- Born: 14 May 1838
- Died: 20 July 1902 (aged 63–64)
- Title: 5th Baronet of Castle Goring
- Spouse: Lady Mary Stopford (1851–1937)
- Parent(s): John Shelley (1806–1866) Elizabeth Bowen (died 1889)

= Sir Charles Shelley, 5th Baronet =

Lieutenant-Colonel Sir Charles Shelley, 5th Baronet, (14 May 1838 – 20 July 1902), was a British Army officer and Hampshire landowner.

Shelley was born in 1838, the second son of John Shelley (1806–1866) by his wife Elizabeth Bowen (died 1889). His paternal grandfather was Sir Timothy Shelley, 2nd Baronet. On the death of a cousin, Sir Percy Shelley, in 1889, his elder brother Edward Shelley (1827–1890) succeeded as 4th Baronet.
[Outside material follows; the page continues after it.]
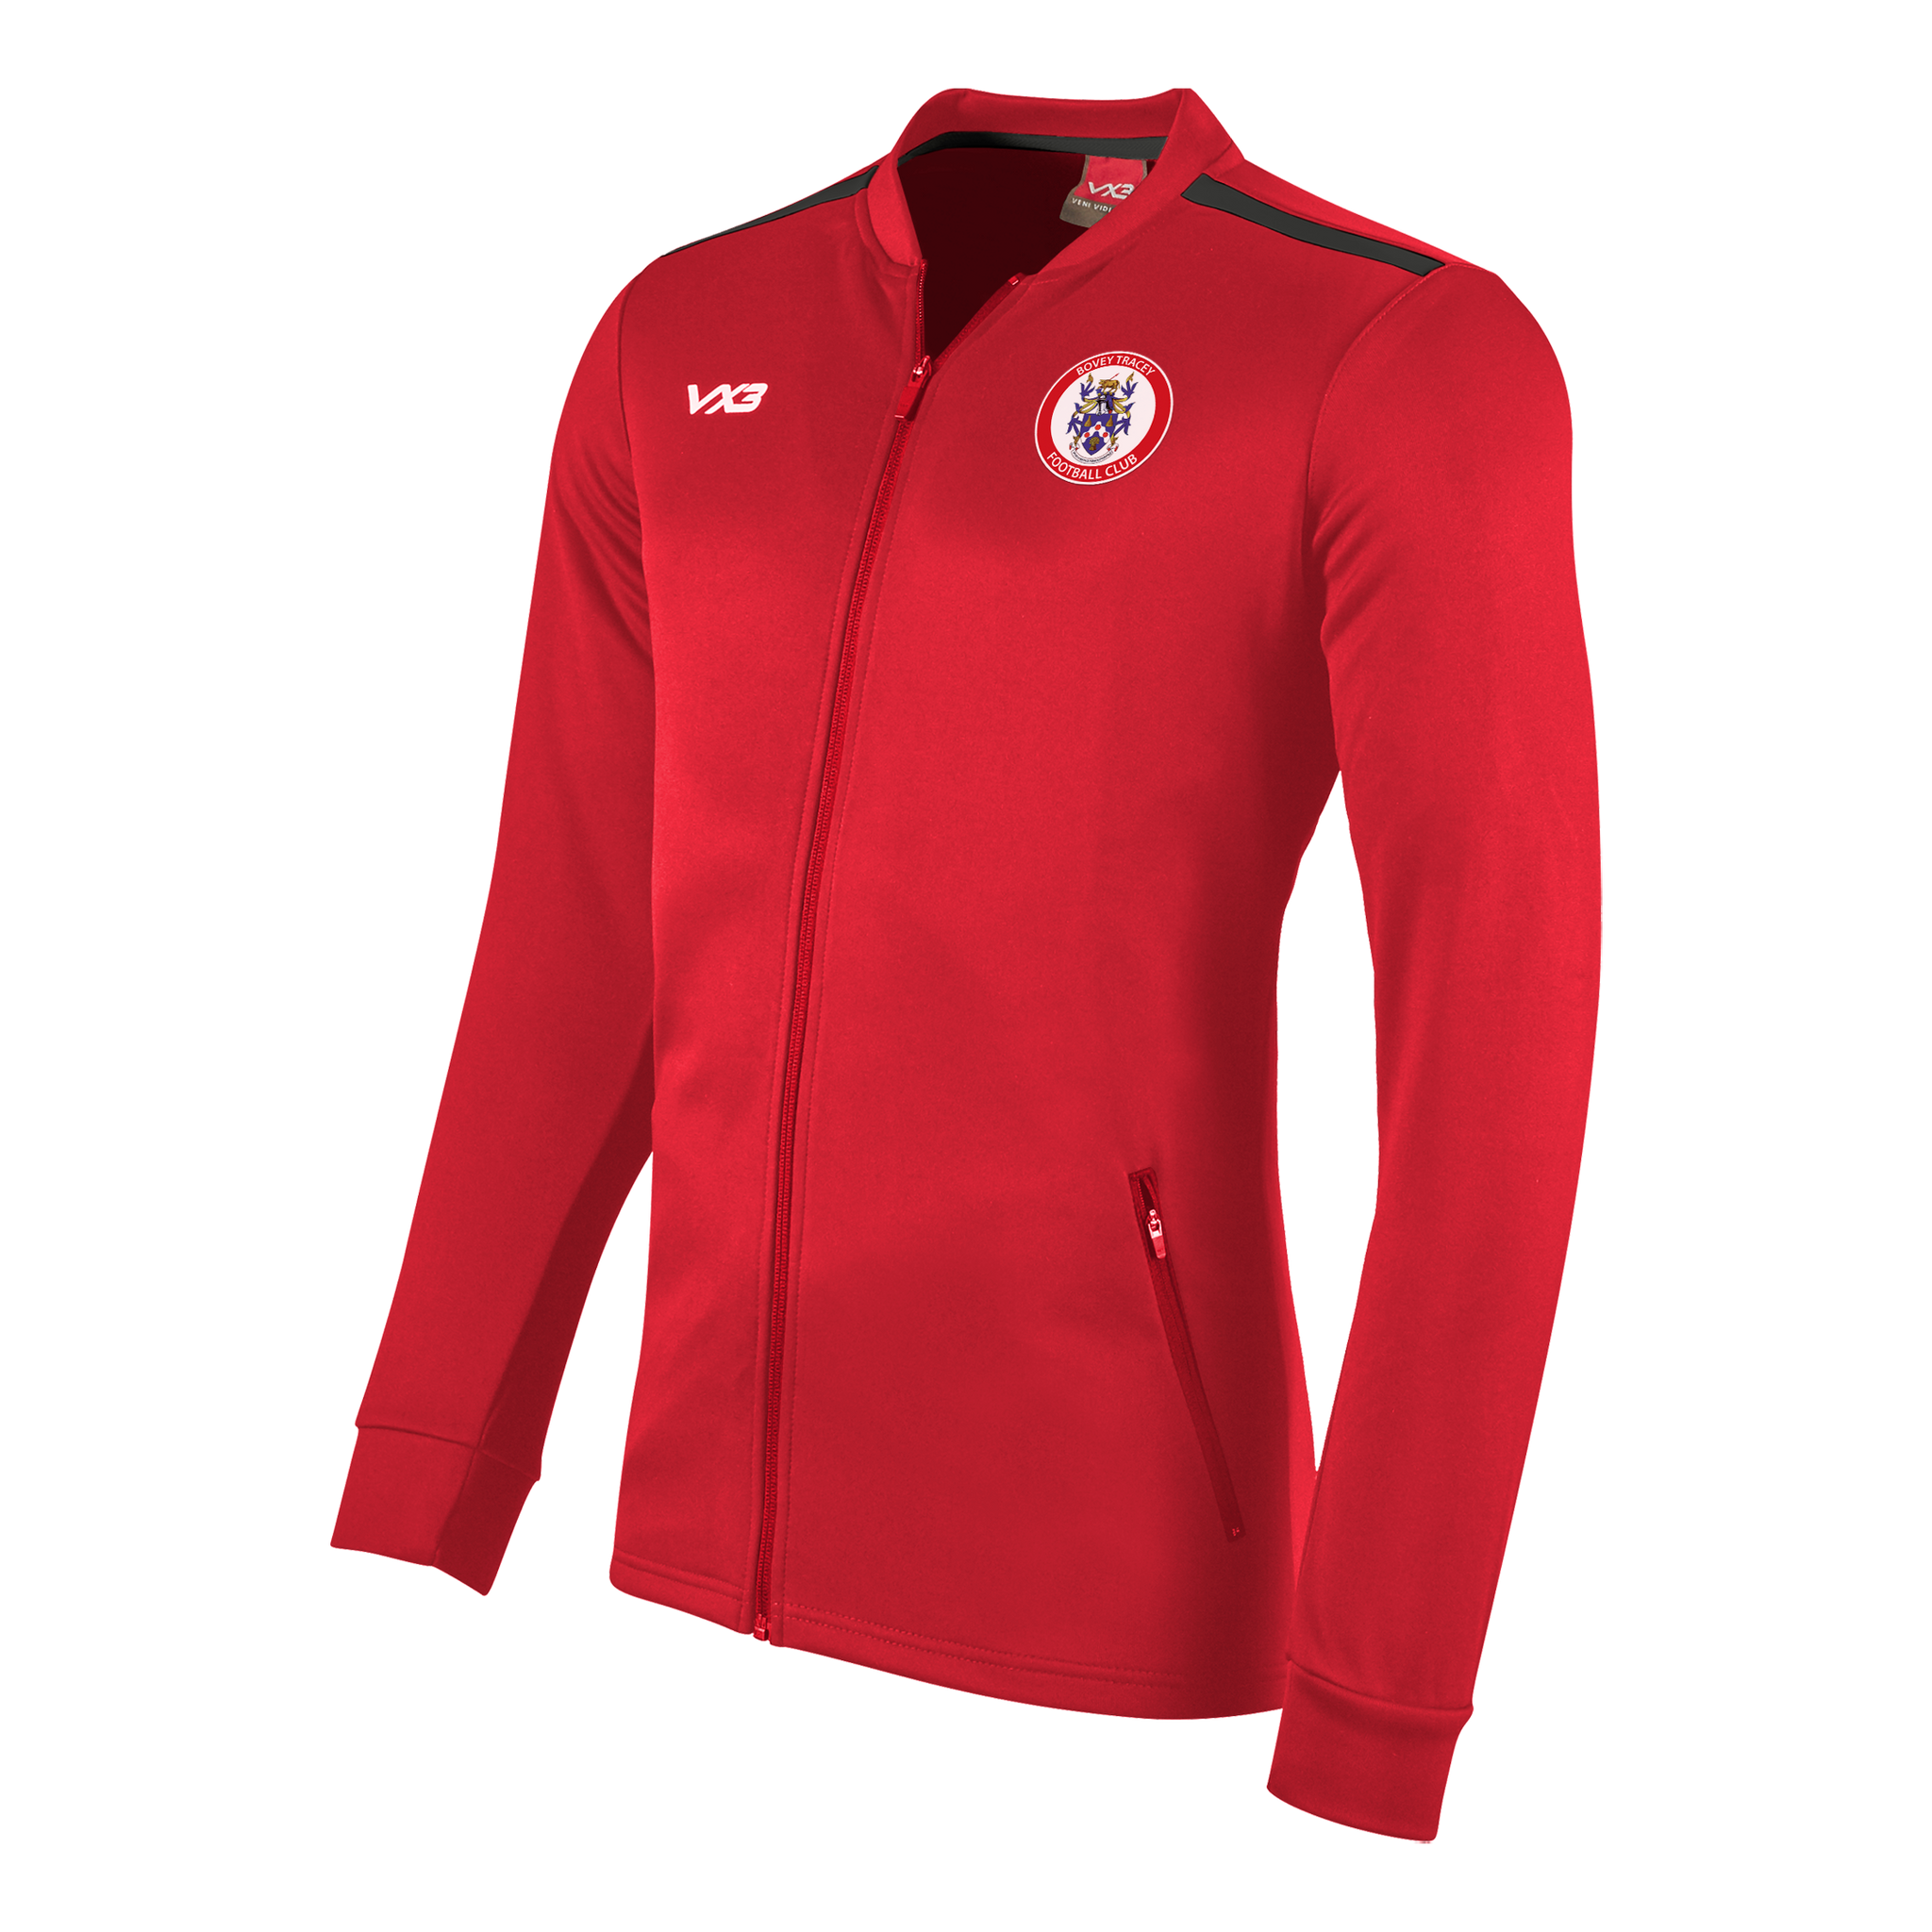 Bovey Tracey AFC Fortis Youth Presentation Jacket Red

Sir Edward died childless the following year, when Charles succeeded to the baronetcy.

He served in the Scots Guards from 1855 to 1871, when he retired as a lieutenant-colonel.

He lived at Avington park, near Winchester, which his father had purchased from the last Duke of Buckingham and Chandos, and was a well-known figure in Hampshire, where he was a Justice of the peace (JP). He died on 20 July 1902.

==Family==
Shelley married, in 1869, Lady Mary Jane Jemima Stopford (1851–1937), daughter of the 5th Earl of Courtown. They had nine children, including the 6th, 7th and 8th baronets. His son Cecil William Charles Shelley died while serving with the Scots Guards during the First World War, on 17 October 1915.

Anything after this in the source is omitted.